News / Edmonton

That's the spirit: Local liquor distillers taking off in Edmonton

Local businesses are ready to take on the heavy hitters.

Strathcona Spirits owner Adam Smith poses at the distillery Monday.

Tim Querengesser / Metro Order this photo

Strathcona Spirits owner Adam Smith poses at the distillery Monday.

A distillery boom that's hitting Alberta is built on a sense of camaraderie and a shared goal of taking on multinationals.

Edmonton’s first two distilleries opened within days of each other in December, joining more than a dozen that have popped up across the province since the Alberta Gaming and Liquor Commission eased regulations for distilleries in 2013.

Adam Smith, who owns Strathcona Spirits at 10122 81 Ave., said he's received invaluable help from other distilleries.

“It’s kind of one of those situations (where) a rising tide floats all boats. There’s so much market available to small distilleries now, there’s so much interest in supporting things that are happening in the community,” he said.

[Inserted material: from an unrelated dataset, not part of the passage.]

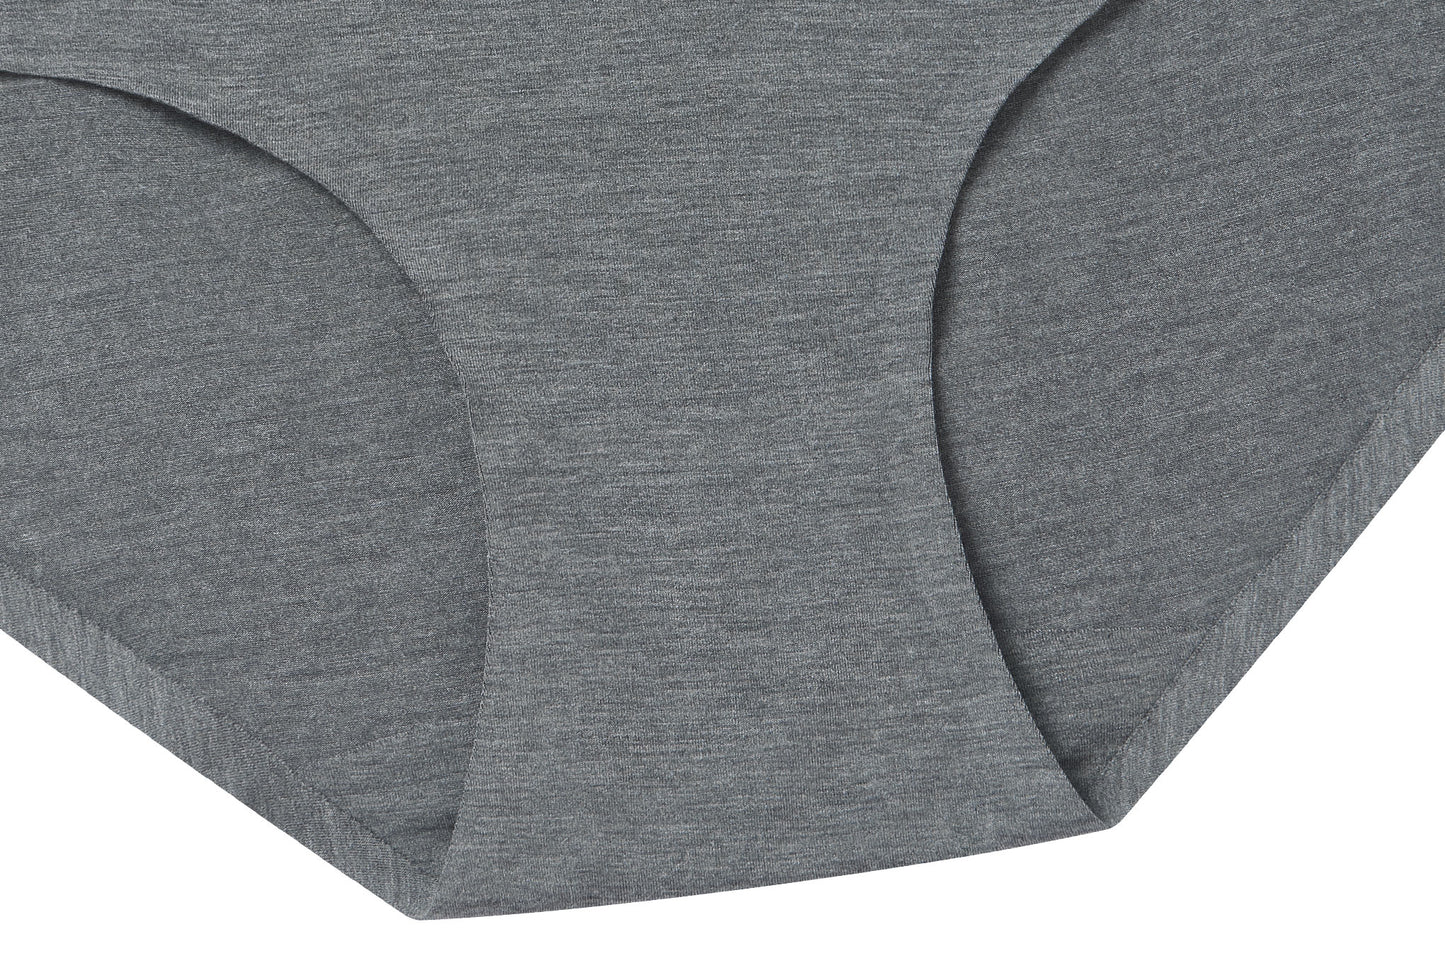 2-pack Medium Shape Thong Briefs - Gray/dark gray - Ladies

“Ninety-eight per cent of the market is the multinational alcohol groups in spirits and beer. We just need to eke out a tiny, tiny percentage of what they’re doing.”

Smith hopes to carve out a customer base through community partnerships, especially in the local arts scene. Indeed, he formerly ran a music venue called Baby Seal Club in the building that now holds the distillery.

Smith supplies eight stores and three restaurants with Badland Seaberry Gin – made with berries picked in Edmonton – and Single Grain Vodka, made with wheat grown 20 kilometres south of the distillery.

Shayna Hansen and her husband Kris Sustrik at Hansen Distillery, 17412 111 Ave., do off sales and cocktails in their front room, and the heavy work in the back.

The couple makes vodka, gin, rye and moonshine, largely using locally sourced ingredients.

Hansen’s family has a long tradition of distilling, going back to her great grandparents, but she’s the first one to open a proper distillery.

Like Smith, the pair has benefited from kinship in the distilling community.

“We go around and like to meet everybody. And when people come into our store we tell them about the other distilleries, and hope that they can go and visit them as well,” Hansen said.